Aloros Posted April 25, 2007 Posted April 25, 2007 It sounds like he's not that into you. He might be a committment phobe - chase chase chase, he gets you, so he pulls away. Either way, I think you deserve better. After a week of dating, my bf went overseas for a few weeks. Even though he was on vacation, and with his friends, he took the time to write me every other day. Trust me, there are guys out there who will treat you right, who will make you feel beautiful no matter what, and who will make the effort to get in touch with you because you're important to them. Why settle for anything less? I'd drop him. He makes you feel great when you're with him, but he clearly won't make the effort when you're not. He doesn't want a relationship with you. Do you need someone who causes you this kind of anguish?
jcster Posted April 25, 2007 Posted April 25, 2007 I don't think this guy is ready for a relationship. It sounds like he's great at the pursuit, but anything other than sex is way beyond him. Since it sounds like you are looking for something more, I don't think you will be happy with him.
dropdeadlegs Posted April 25, 2007 Posted April 25, 2007 Hmmmm. I don't know what his problem is, but after one week of dating (over two years ago) my BF also texted me relentlessly while on a previously planned vacation. He was very anxious to return based on that week we shared together. We both were anxious. It sounds as though when you are together in person (which he pursued) that he is all into you (maybe to get in those panties, I don't know) and when you are apart he is much cooler. Maybe American women are seen as easy by those from abroad. I wouldn't put up with it, in any case.

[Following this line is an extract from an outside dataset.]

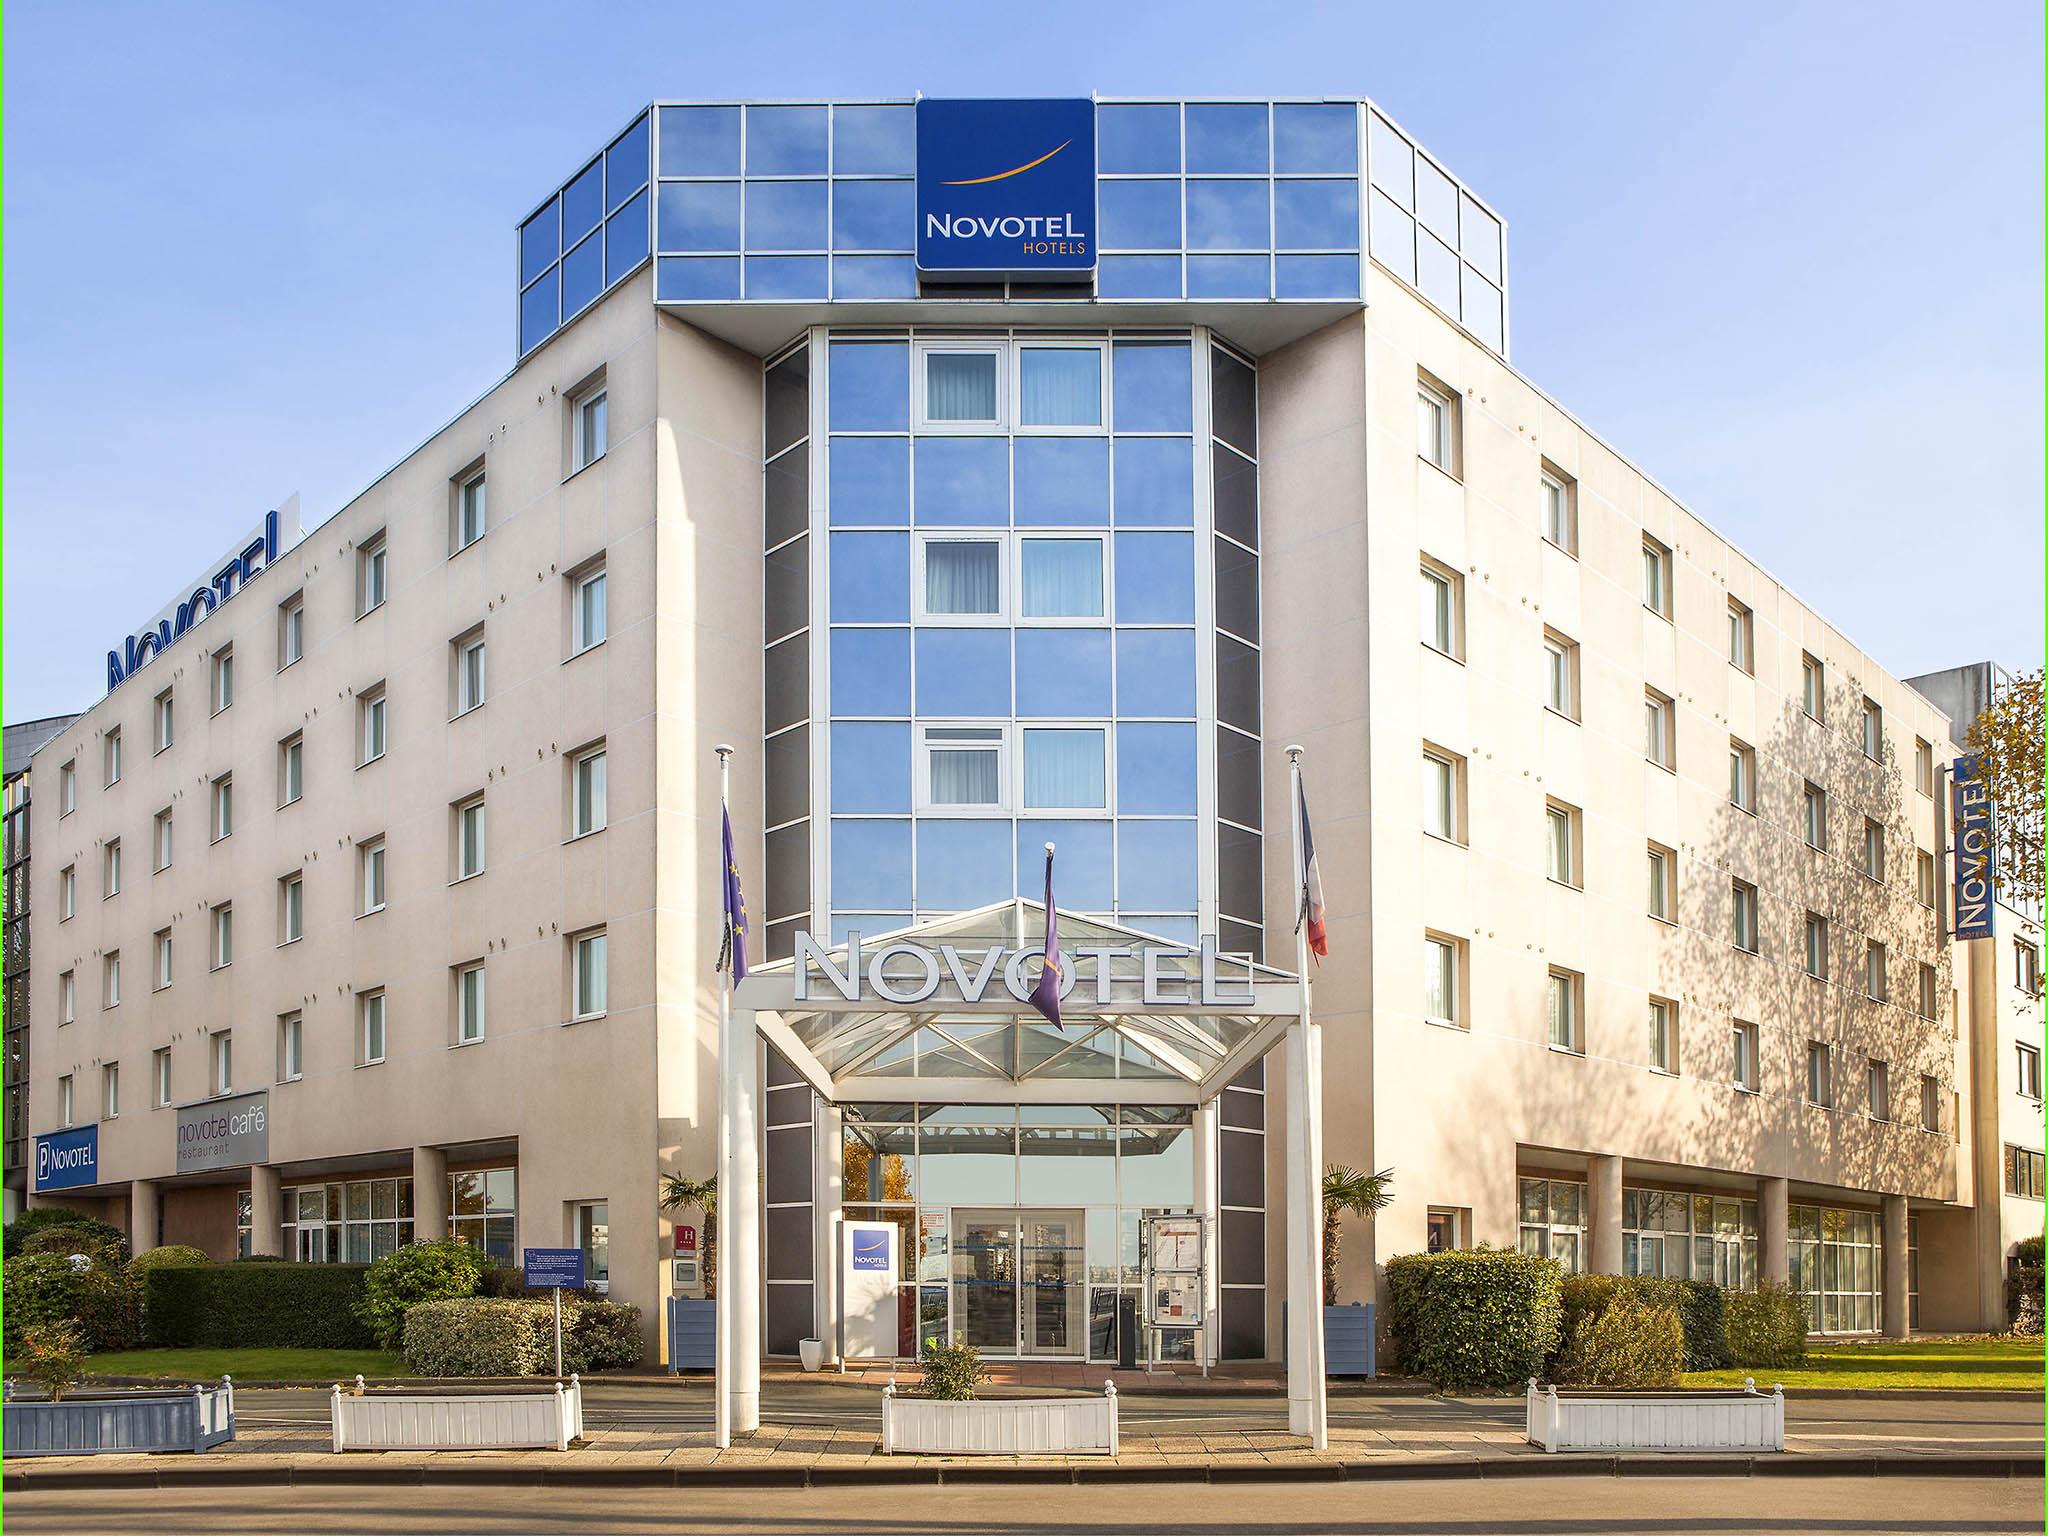 Hotel - Novotel Nantes Centre Bord de Loire

Author poorlittlefish Posted April 26, 2007 Author Posted April 26, 2007 I wonder if the first couple of weeks he was a bit bowled over by everything to the extent where he got a bit frightened by how he was feeling for me so soon after meeting. He did admit at one point that he didn't expect to find me so attractive or get feelings for me (we "met" over the net). He also told me that the way he and his previous girlfriend of 5 years split was not nice and he was afraid of hurting someone. Maybe it's just wishful thinking but there's a part of me that thinks his feelings for me are stronger than he wants to admit and that "switching off" makes it easier for him to cope with how he feels. When we last met (ie before he went away) he wanted to take loads of pictures of me and of us together and he's got me as the wallpaper on his phone! Why bother to do things like that if you don't particularly like someone? My friend says he might be able to tell that I want more commitment and that it's too soon to expect that much. She said she heard someone say today that her husband went away for a week and only txt her once! She also warns me against pushing him to admit feelings as it might force him to run away altogether. I think she maybe has a point. Another friend thinks he's testing me to see how keen I am on him and that I should back off and let him make the moves. I'd like to have a proper talk with him but how can I do that when he won't talk about his feelings?! Maybe I need to be a bit more casual about everything and see what happens instead of wishing he was madly in love with me and maybe coming across as a bit desperate.